Brent DeLand, a member of Christ the King Parish in Springfield, Ill., who established the SARTHE Medical Clinic, was on the phone with 24-year-old Sinsmyr when a major aftershock shook the Haitian capital.

“I was stunned when he answered the phone,” DeLand said. “His response was ‘What is happening?’ He asked me what an earthquake was. I told him. I’m not sure he really understood what an earthquake was.

“Then he sort of understood and I asked ‘What do you see?’ He said, ‘Well, I’m in the middle of the street. In all directions there are no buildings left.”

“As we were talking the second aftershock hit and I knew it because I was watching it on CNN. He said, ‘Oh, no, the world is shaking.’ That was a fairly profound comment. I asked what was happening. I couldn’t hear him because of all the screams and cries.”

Then the line went dead.

As of Jan. 14, DeLand had not heard from Sinsmyr or anyone else from the clinic since the night of Jan. 12. He was hoping to travel to Haiti with a small group of volunteers Jan. 16, as originally planned. They were expecting to have to deal with more than routine medical procedures. (DS)

Courage of Haitians “starts young,” says U.S. nun who nursed hundreds

Sister Mary Finnick, a nurse who directs the Matthew 25 House in the Delmas 33 area of Port-au-Prince, found that “the courage of the Haitian people starts young” when she opened an impromptu triage and treatment center in a nearby soccer field after the quake.

“The children, though crying, did not have temper tantrums and cooperated as much as is possible for a 3-year-old when you make a splint, clean out a head wound and debride backs and legs,” the Grey Nun of the Sacred Heart reported in a Jan. 13 e-mail.

“In all of this, we also hear the Haitian voices raised in song, praising God for being alive,” she added.

Sister Mary said she, two other Matthew 25 staff members, six guests from Pennsylvania and New York, and three Haitian doctors treated 300-400 people in the hours after the magnitude 7 earthquake.

“We began to see some very horrible conditions caused primarily from the cement blocks, which most of the houses are built with, poor and rich alike,” she wrote. “There were many head wounds, some so serious it surprised us the person was still alive. Most were deep wounds that should have been sutured, but we had no material to do that.”

When supplies ran out, “we finally cut up pillowcases for bandages,” Sister Mary reported.

Matthew 25 House, established in 2005 by the Nashville, Tenn.,-based Parish Twinning Program of the Americas, provides hospitality to North Americans who come to Haiti with the twinning program or with other missionary or humanitarian organizations.

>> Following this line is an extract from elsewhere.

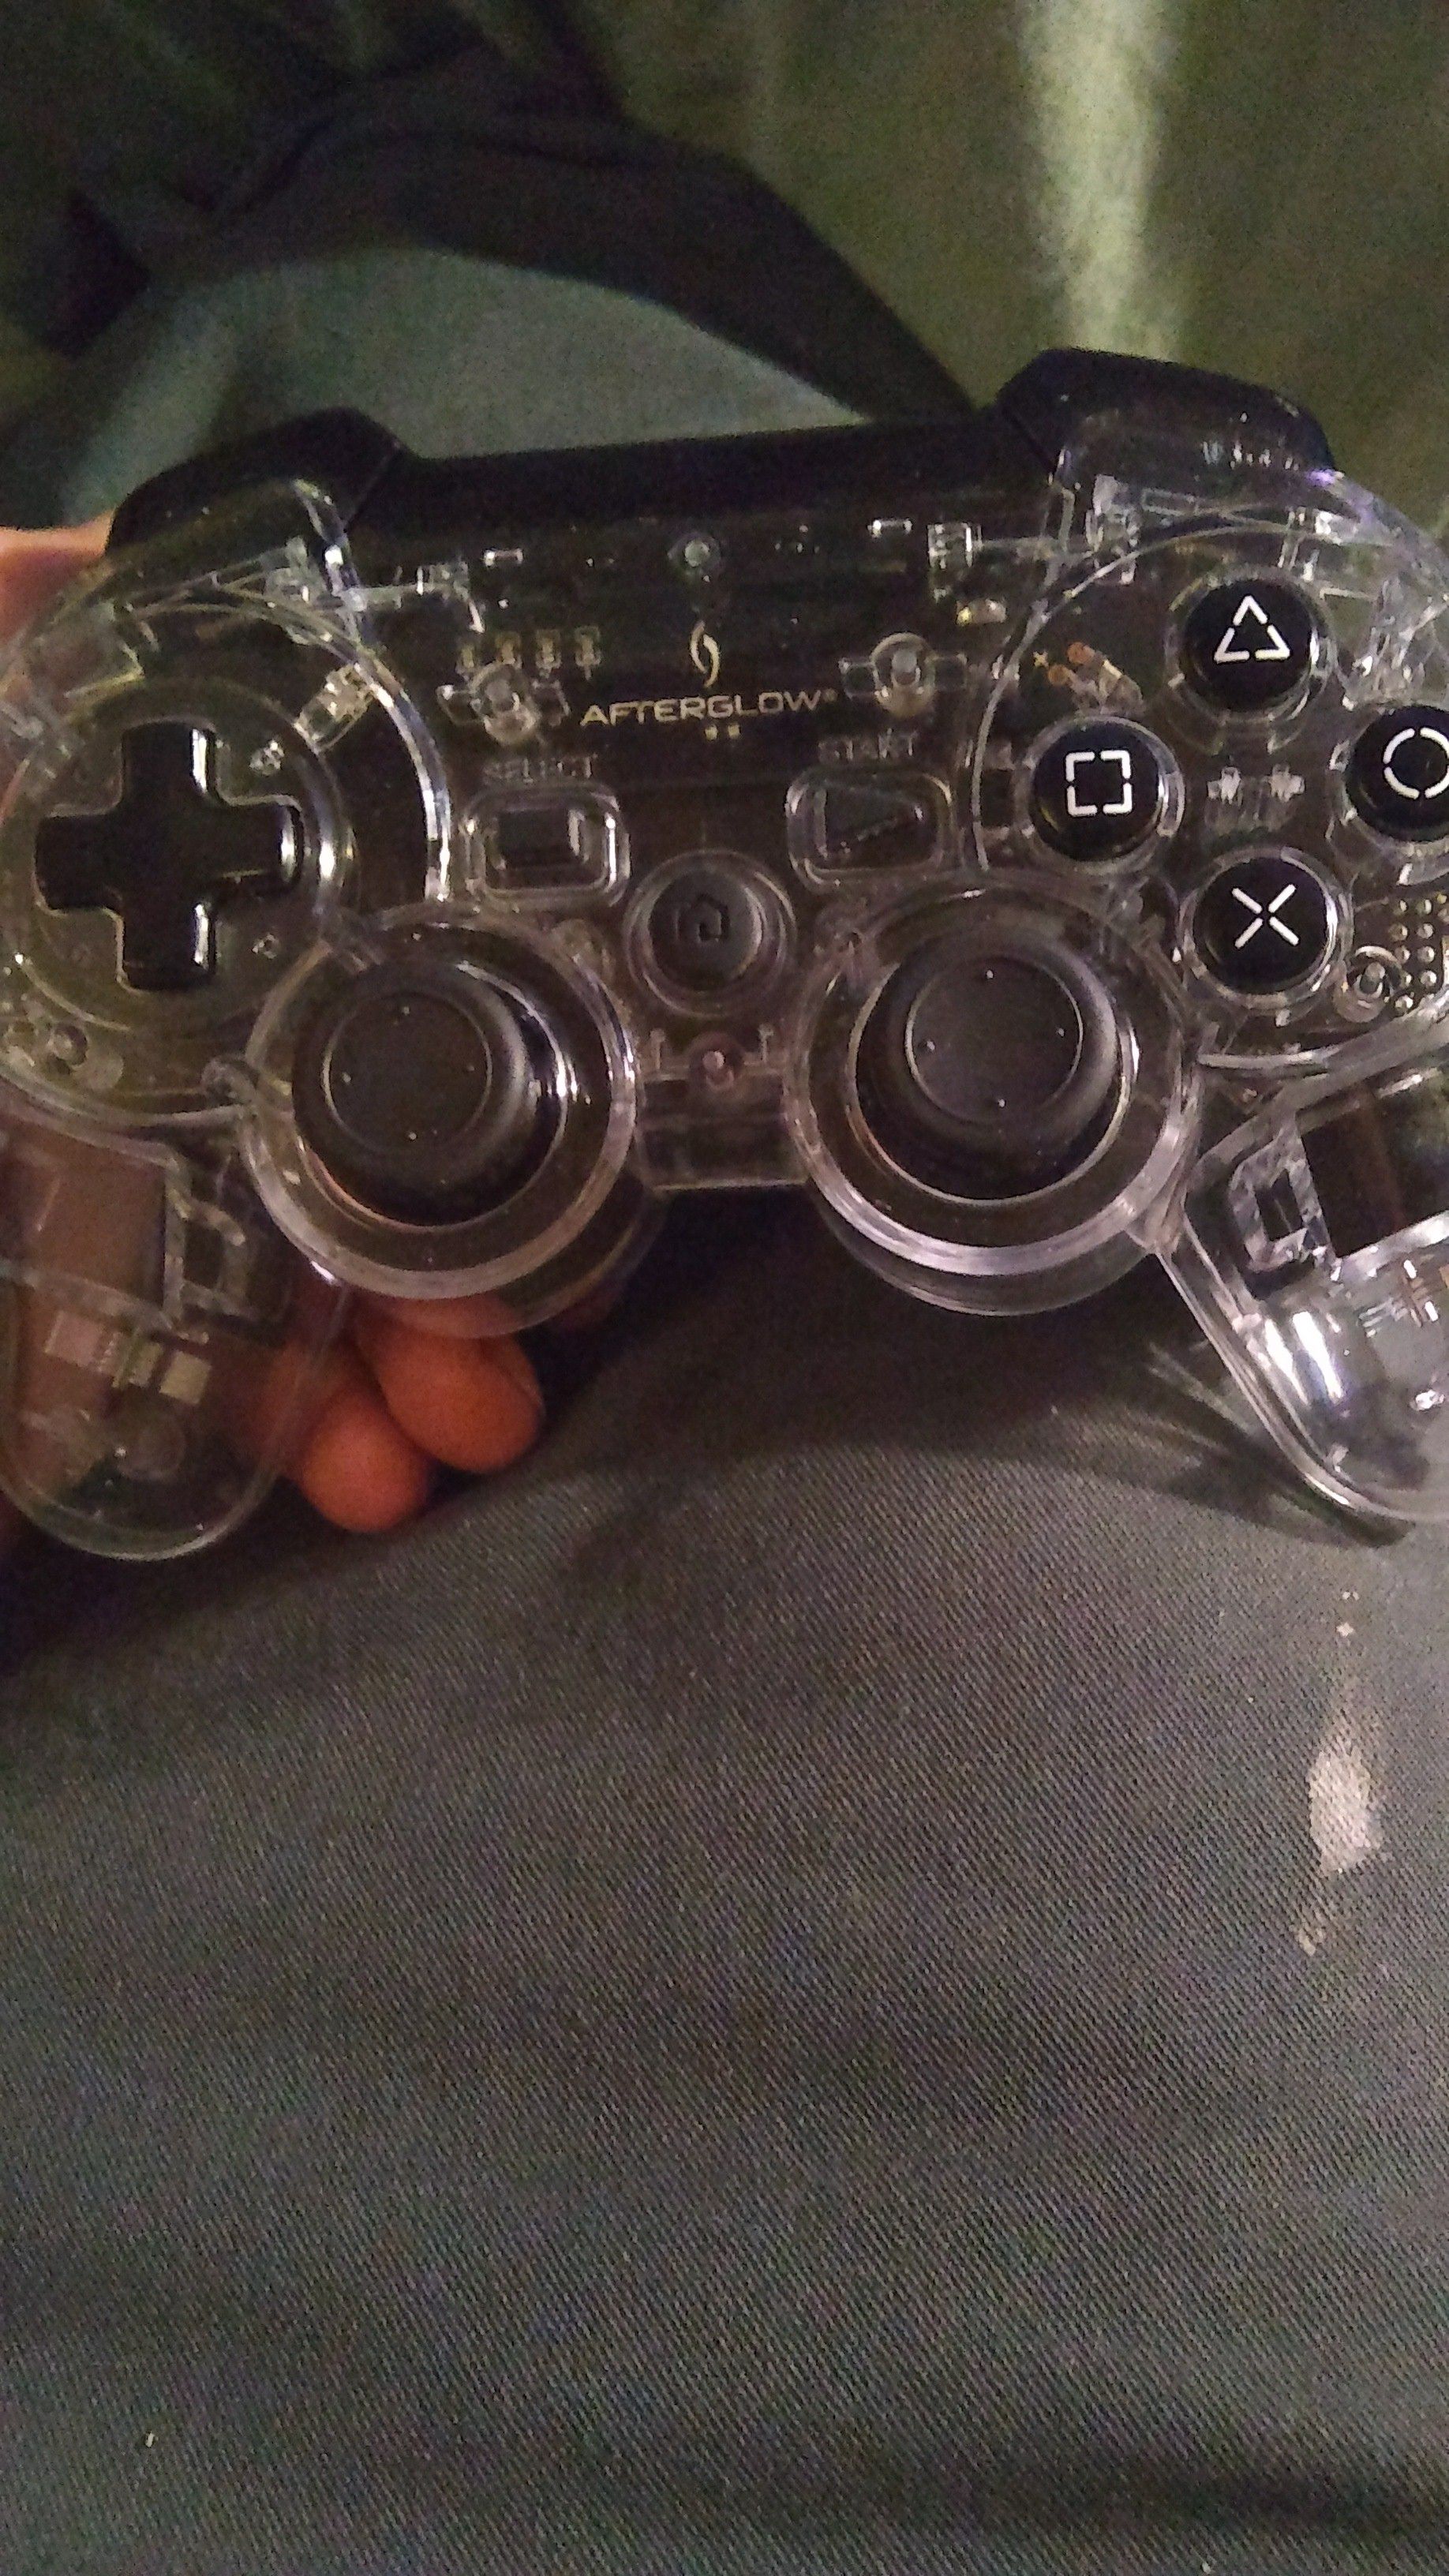 PS3 Afterglow control

Although the downstairs of the house experienced no structural damage, Sister Mary said, the upper floors had more damage and “the wall between us and the neighbor has quite a large hole.” But she encouraged medical teams that had been scheduled to come to Haiti not to change their plans.

“There is a great need for medical supplies, suturing, betadine, analgesics … everything … and personnel to bring it,” she said. (NOB)

Aid worker finds scene from Dante’s “Inferno”

“It looks like Dante’s ‘Inferno.’” That’s how Mike Henry, Haiti project director for Cross International Catholic Outreach, described the scene in Port-au-Prince after the quake.

“There are dead bodies everywhere,” Henry said in a Jan. 13 report from the Haitian capital. “It is hell on earth.”

Jim Cavnar, president of the Catholic aid agency based in Pompano Beach, Fla., said the magnitude 7 earthquake “has done more than shake the earth. It has shaken the fragile hopes and dreams of the Haitian people, who just last year were the victims of devastating storms and flooding.”

But even amid the devastation, there were signs of resilience.

“The girls were shaken up quite a bit when it happened,” said an unnamed person who works with Cross Catholic, in a message to Cavnar, “but now they are playing with the kids of the parents who are staying in our home.”